If we use the inter-quartile range proximity rule, we determine the imputation values by adding 1.5 times the IQR to the 75th quantile. If variables are normally distributed, we can calculate the imputation values as the mean plus a factor of the standard deviation, imputation_dict = (X_train.mean() + 3 * X_train.std()).to_dict().

  1. Finally, let’s replace the missing data:
    X_train_t = X_train.fillna(value=imputation_dict)
    X_test_t = X_test.fillna(value=imputation_dict)

Note

We can also replace missing data with values at the left tail of the distribution using value = X_train[var].quantile(0.25) - 1.5 * IQR or value = X_train[var].mean() – 3 * X_train[var].std().

To finish, let’s impute missing values using feature-engine.

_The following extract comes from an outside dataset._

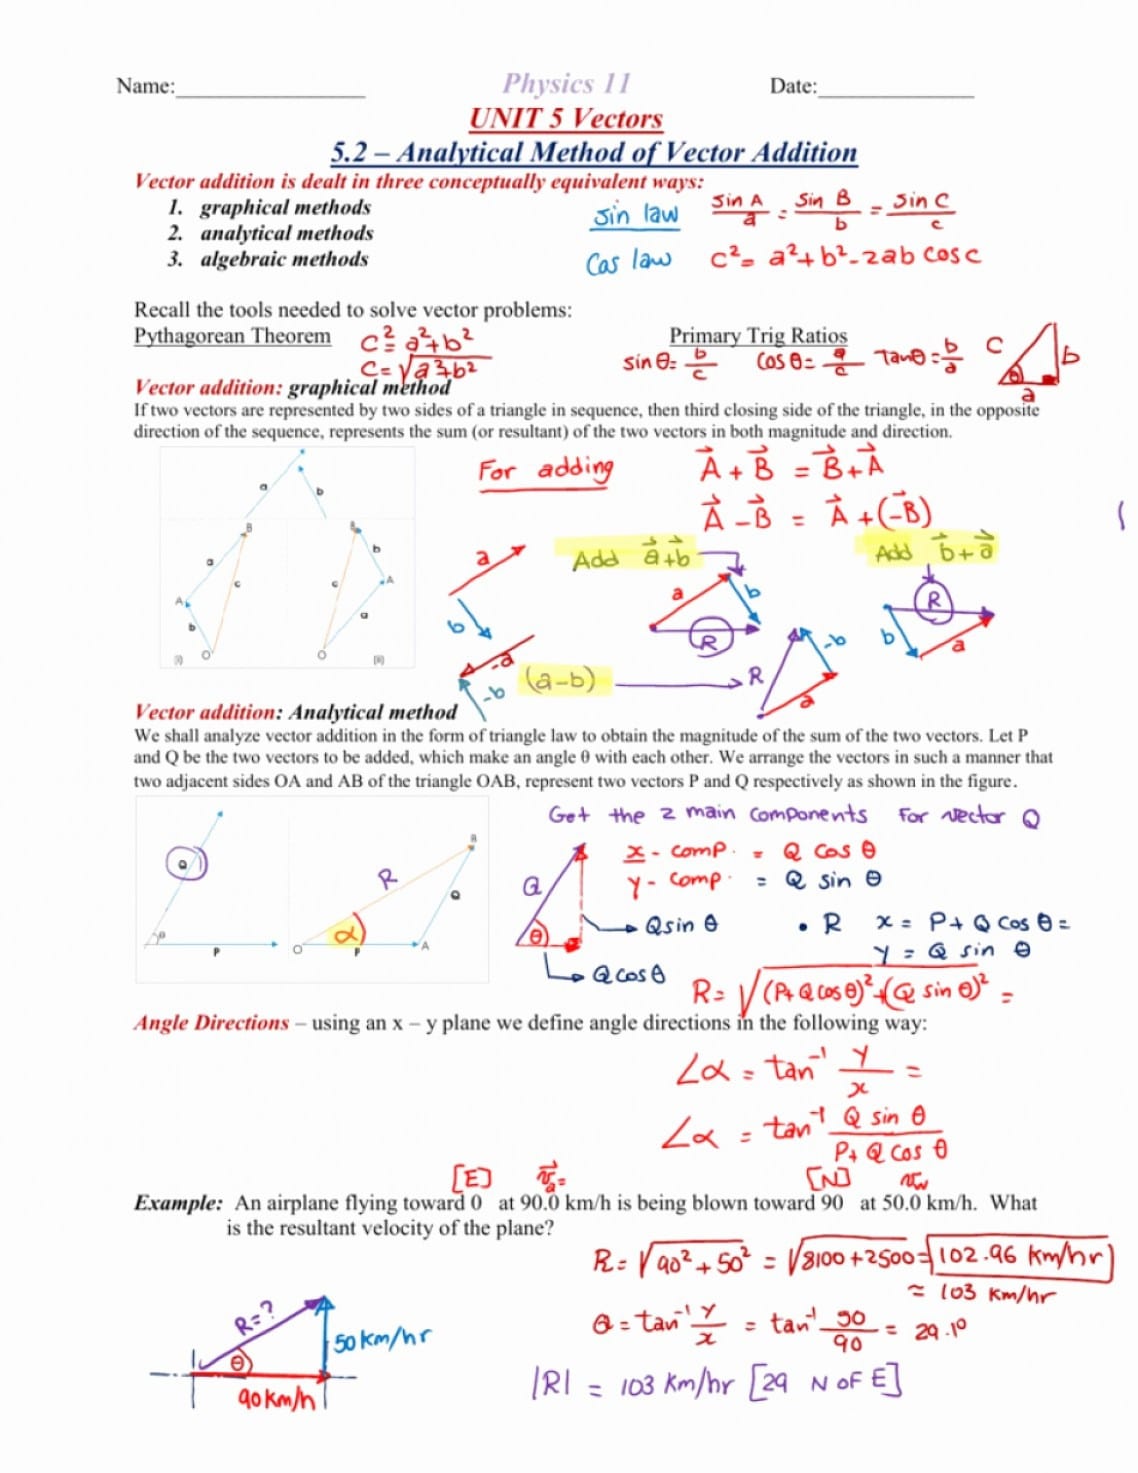 two-dimensional-motion-and-vectors-worksheet-answers-awesome-db-excel

  1. Let’s set up imputer to estimate a value at the right of the distribution using the IQR proximity rule:
    imputer = EndTailImputer(
        imputation_method="iqr",
        tail="right",
        fold=3,
        variables=None,
    )

Note

To use the mean and standard deviation to calculate the replacement values, set imputation_method="Gaussian". Use left or right in the tail argument to specify the side of the distribution to consider when finding values for the imputation.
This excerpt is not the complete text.